Intermittent gas lift is reserved for wells with low productivity or low reservoir pressure. Instead of a constant gas stream, a burst of high-pressure gas is injected on a timed cycle, pushing a slug of accumulated liquid to the surface. A surface controller manages the timing of each injection and shut-in period. This mode is less efficient than continuous flow and produces in slugs rather than a steady stream, but it’s the only viable option for wells that simply don’t produce enough fluid to sustain continuous lifting.

Advantages Over Other Lift Methods

Gas lift stands out from other artificial lift options in several practical ways. Unlike rod pumps or electric submersible pumps (ESPs), gas lift has no moving parts downhole. That means it handles sand, paraffin, and corrosive fluids far better than mechanical pumps, which can wear out or seize. Wells with high gas-to-oil ratios that would cause gas locking in a pump are natural candidates for gas lift, since the extra gas actually helps the process.

The system is also flexible. Operators can adjust injection rates from the surface to match changing well conditions without pulling equipment out of the hole. Deviated and horizontal wells, which create challenges for rod-driven systems, work well with gas lift because the valves sit in fixed mandrels along the tubing regardless of wellbore angle. And when a valve does need to be replaced, it can often be retrieved and reinstalled using a wireline tool, avoiding the cost and time of pulling the entire tubing string.

The main disadvantage is the need for a reliable, high-pressure gas supply.

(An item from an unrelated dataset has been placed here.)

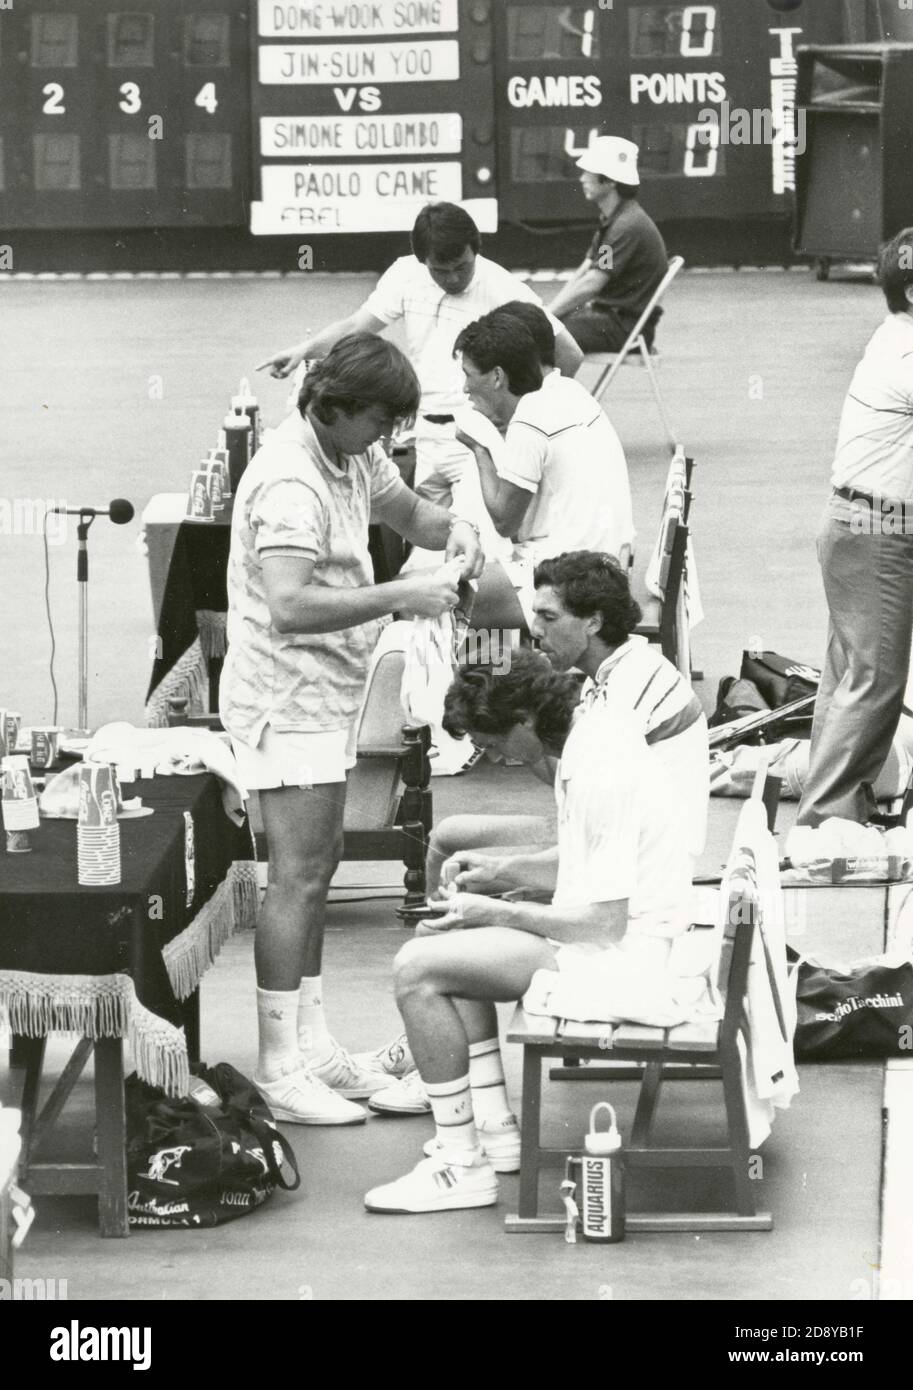 Il team italiano Simone Colombo e Paolo Canè e il team coreano Dong-wook Song e Jin-Sung Yoo al playoff della Coppa Davis, Seul, Corea 1987 Foto Stock
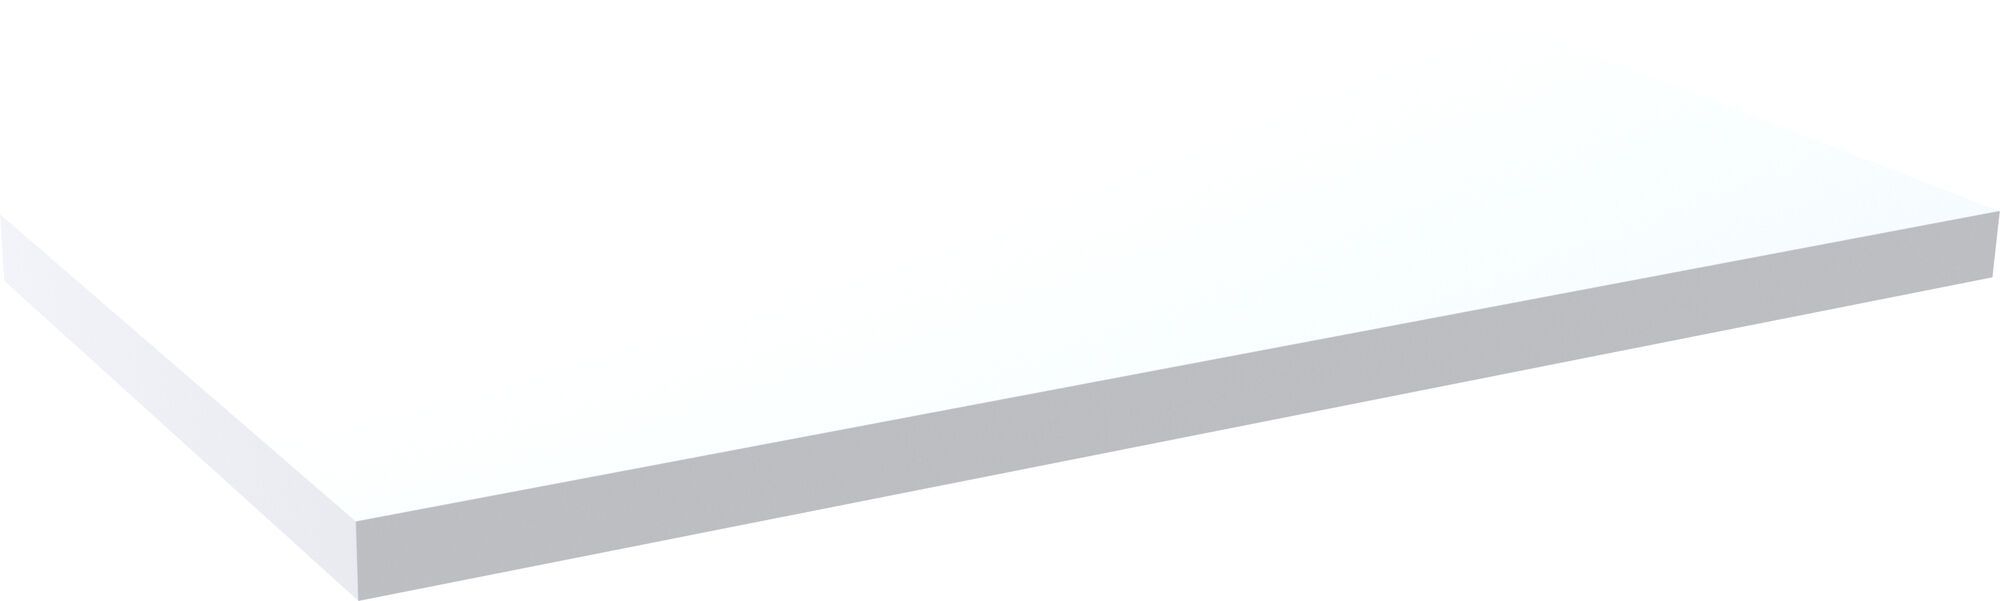 Topblad 91 cm wit hoogglans

A compressor failure shuts down every well on the system. Gas lift also tends to be less energy-efficient than pumping methods in straightforward, high-volume wells, and it requires enough casing-tubing annular space to serve as the gas injection conduit.

Common Operational Challenges

Injecting gas into a well changes more than just fluid density. It also cools the produced fluid, which can trigger wax and paraffin deposition inside the tubing. These deposits are a mix of normal and branched paraffins, sometimes trapping asphaltenes, sand, scale, and other solids. Left unchecked, they restrict flow and reduce efficiency. Chemical inhibitors and periodic hot-oil treatments are common countermeasures.

Hydrate formation is another concern, particularly in high-pressure, low-temperature conditions. Hydrates are ice-like crystals that form when water and gas combine under the right conditions, and they can plug valves or flowlines. One somewhat fortunate quirk: in wells where wax has already coated the tubing walls, hydrates have a harder time adhering because the waxy surface repels the water-based crystals.

Valve reliability matters too. If an upper unloading valve fails to close properly after the well is unloaded, injection gas escapes through it instead of reaching the deeper operating valve. This “multipointing” wastes gas and reduces lift efficiency. Regular valve testing and proper design help prevent it.

Automation and Optimization

Modern gas lift operations increasingly rely on automated systems to fine-tune performance across entire fields. ExxonMobil, for example, has deployed a closed-loop optimization workflow across more than 1,300 gas lift wells. The system runs automated multi-rate tests on each well, updates downhole pressure models in real time, and uses machine learning to estimate conditions in wells that lack pressure gauges. The result has been a consistent 2% production uplift with little additional capital or operating cost.

This kind of fieldwide automation reflects a broader shift in the industry. Rather than engineers manually adjusting injection rates well by well, algorithms continuously calculate the optimal gas allocation across dozens or hundreds of wells sharing a common gas supply. The goal is to direct gas where it generates the most incremental oil, something that’s nearly impossible to do manually at scale. Engineers still handle complex troubleshooting, but routine tuning is increasingly handled by software that updates itself as reservoir conditions change.